Status quo and decision avoidance have become the principal outcome of most committees; research has shown that an average of five people are involved in the decision-making process—particularly those that require agreement about change or procurement. The friction created by such unnecessary complexity is akin to that generated by corruption—both exact a tremendous price for individuals, businesses and societies, yet with so many people guilty of being accessories to complexity and friction, we are collectively deincentivized to devote the energy and resources required to move toward more efficient systems.
Some forms of lending and insurance that are intended to catalyze trade and investment flows end up contributing to what often become the most complex and time-consuming transactions in financial markets. For example, project finance transactions typically add unnecessary “drag” to what should be a streamlined process. As a result, a significant percentage of global trade and investment skew to larger firms that can afford to throw an army of lawyers, analysts and advisors at a transaction, adding many months and millions of dollars to the process. The average project finance transaction can take more than a year to complete, involve dozens of underwriters, lenders, lawyers and advisors, and require endless phone calls, meetings and document revisions—all sources of friction that greatly contribute to inflated prices, high opportunity costs and unnecessary complexity.
The time, effort and cost required to accommodate all these parties putting their thumbprint on agreements and ensuring that every conceivable contingency is accounted for can be an insidious source of friction.

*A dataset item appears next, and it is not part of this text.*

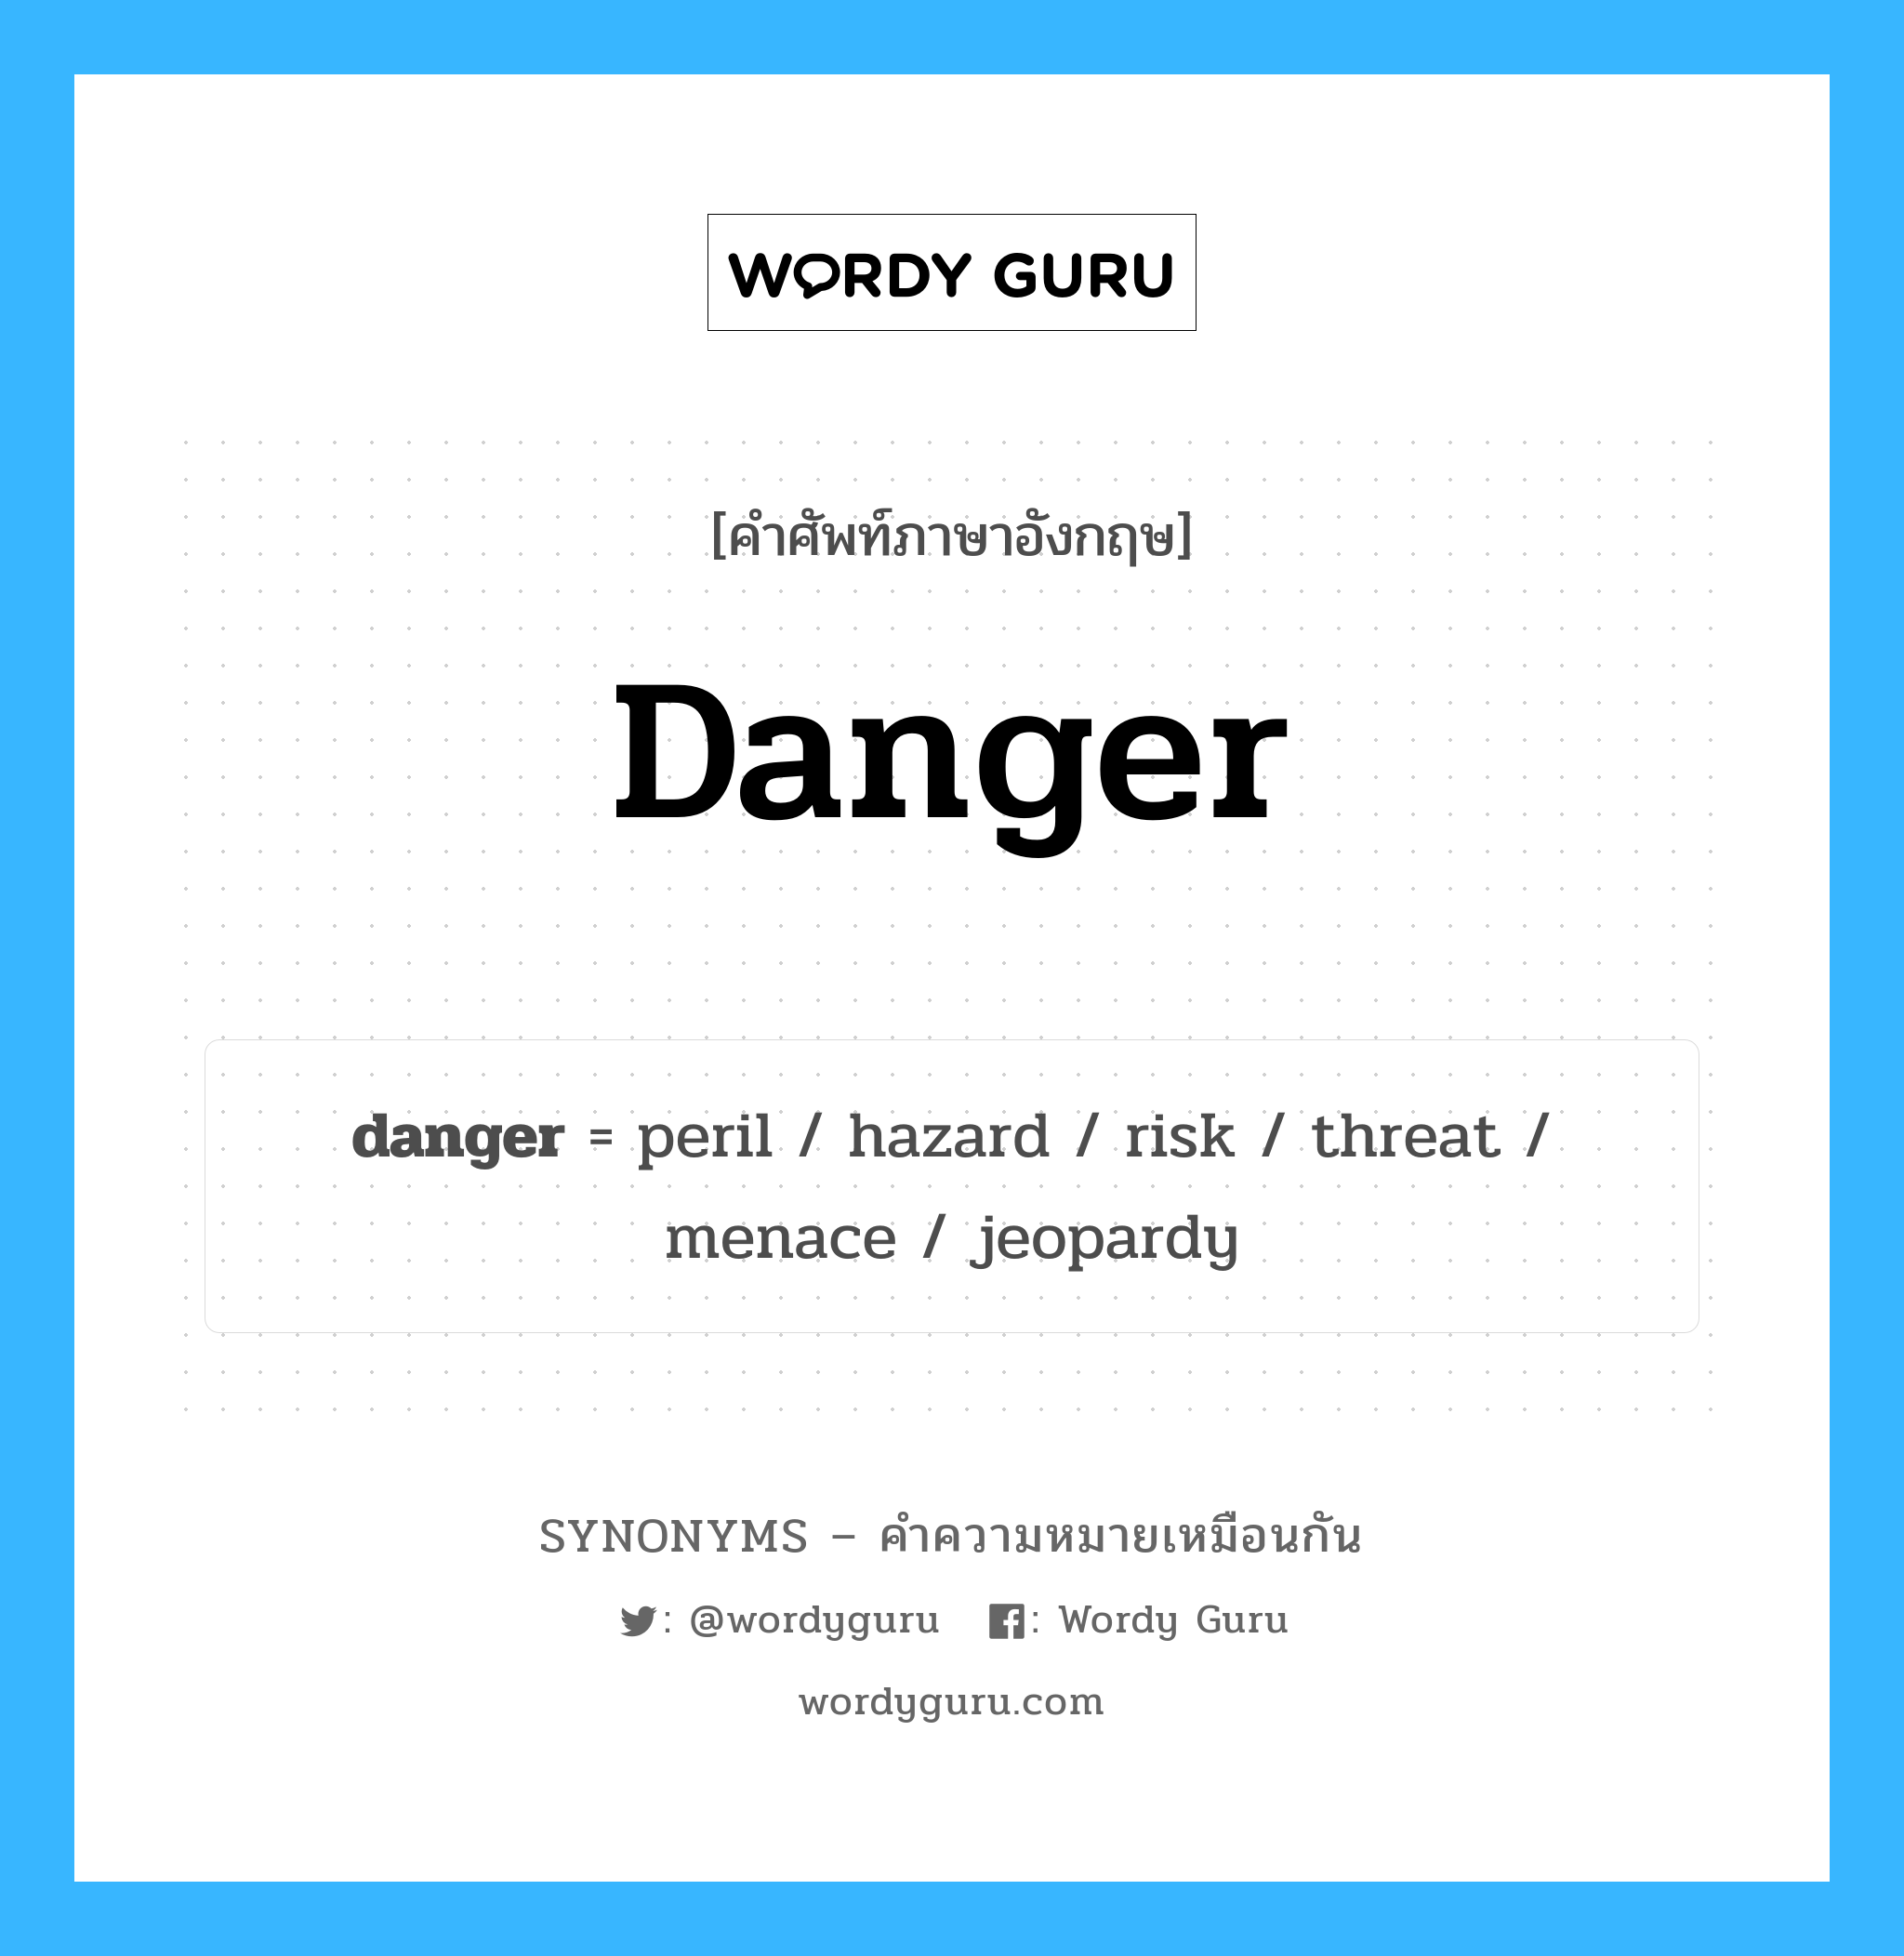 threat เป็นหนึ่งใน danger และมีคำอื่น ๆ อีกดังนี้, คำศัพท์ภาษาอังกฤษ threat ความหมายคล้ายกันกับ danger แปลว่า คุกคาม หมวด danger

While intending to “de-risk” a deal, it ends up costing consumers much more than they would otherwise need to pay because of sunk costs, while scaring away would-be trade or investment partners in the process. If a single representative from each organization were simply assigned to each task, and a hard deadline was attached to the process (along with a monetary penalty for failing to comply), the time required to reach financial closure could surely be reduced by months, saving millions of dollars.
Another area where friction and complexity exact a heavy toll on economic growth is in B2B sales. On one end, legions of sales professionals armed with the latest sales tactics promote their products and services. Being prodded by a pervasive penalty-driven management culture, sales incentives are most often geared toward maximizing short term results, ignoring longer-term risks, and deemphasizing the development of solutions that genuinely add value to buyers. On the demand side of the equation is the “valley of decision avoidance,” where those five decision-making purchase committee members are reluctant to drive change, despite implied economic and other advantages. While in the end, transactions are completed in this environment, the time, economic drag and complexity added to the business cycle is detrimental to economic growth and the velocity of trade and investment, which has the pernicious effect of dampening hiring, generating inventory and eroding general economic confidence.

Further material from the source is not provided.